Remote care is playing an important role in the COVID-19 response. But for many providers telehealth is new technology, and new technology requires new workflows. As you settle in to new office routines during the COVID-19 pandemic, make sure to set aside some conscious time to improve your telehealth workflow.
Planning ahead for telehealth
If your medical practice has continued operating during the COVID-19 pandemic, you’ve already had to change how you set up and manage appointments. But like many practices, your initial response was probably hasty and reactive. Going forward, you can save time and frustration by carefully planning out each stage of your telehealth workflow.
Your details will depend on your practice and the platform you’re using, but here are a few basics to consider.
Before you start seeng patients
Communicate with your staff about when you’ll be available for telehealth appointments.
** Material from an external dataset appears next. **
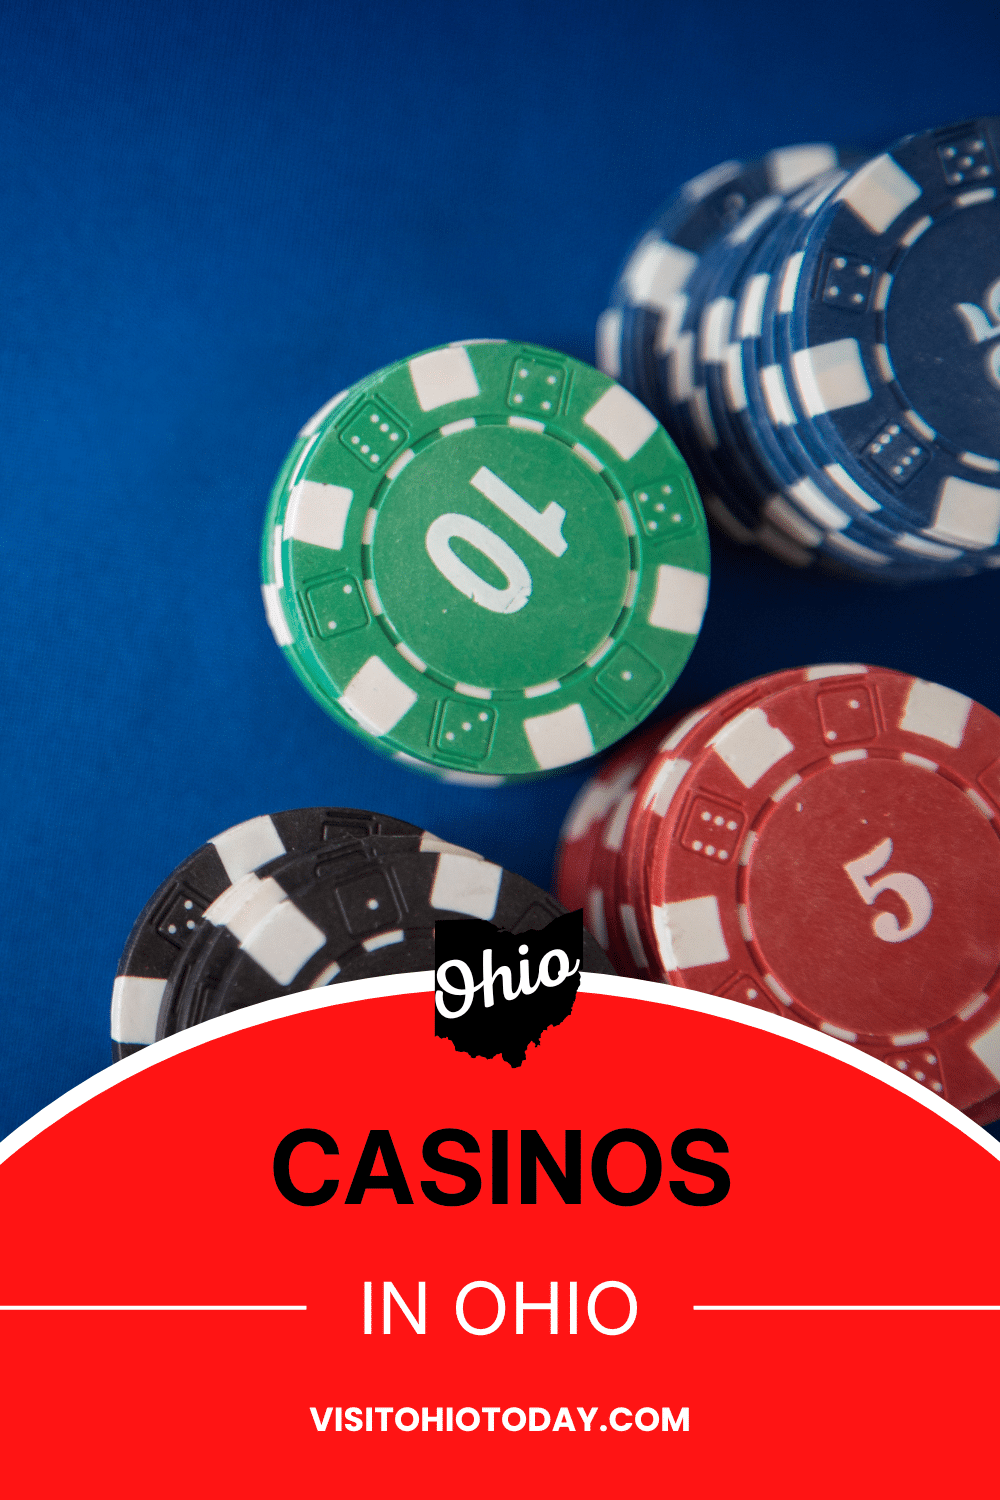 vertical image with a photo of casino chips on a blue surface. A red area at the bottom has the text Casinos in Ohio

Discuss how patients can schedule appointments and how you will access the information you need for each patient visit.
Clarify who will greet the patient first when they join the visit. For example, you may want a medical assistant to ask some initial questions before you join the video call.
During each visit
Telehealth etiquette can be new for patients and providers. Don’t forget to to identify yourself to new patients, confirm the patient’s identity, and make sure the patient’s equipment is working.
Other than that, keep the visit as much like an in-person visit as possible. The AMA has a Telehealth Visit Etiquette Checklist that is worth reviewing as you get comfortable with your telehealth workflow.
After each visit
5 questions to improve your telehealth workflow
Once you’ve got the basics covered, it’s time to refine. Answer these five questions to further improve your telehealth workflow.
1. What information do you need to gather from the patient to start the visit?
Before you enter the exam room, you would normally pick up the patient’s chart and take a look. The same applies to telehealth visits. Make sure to leave yourself time to have the patient’s chart on hand, and make note of any specific questions or comments they made when scheduling.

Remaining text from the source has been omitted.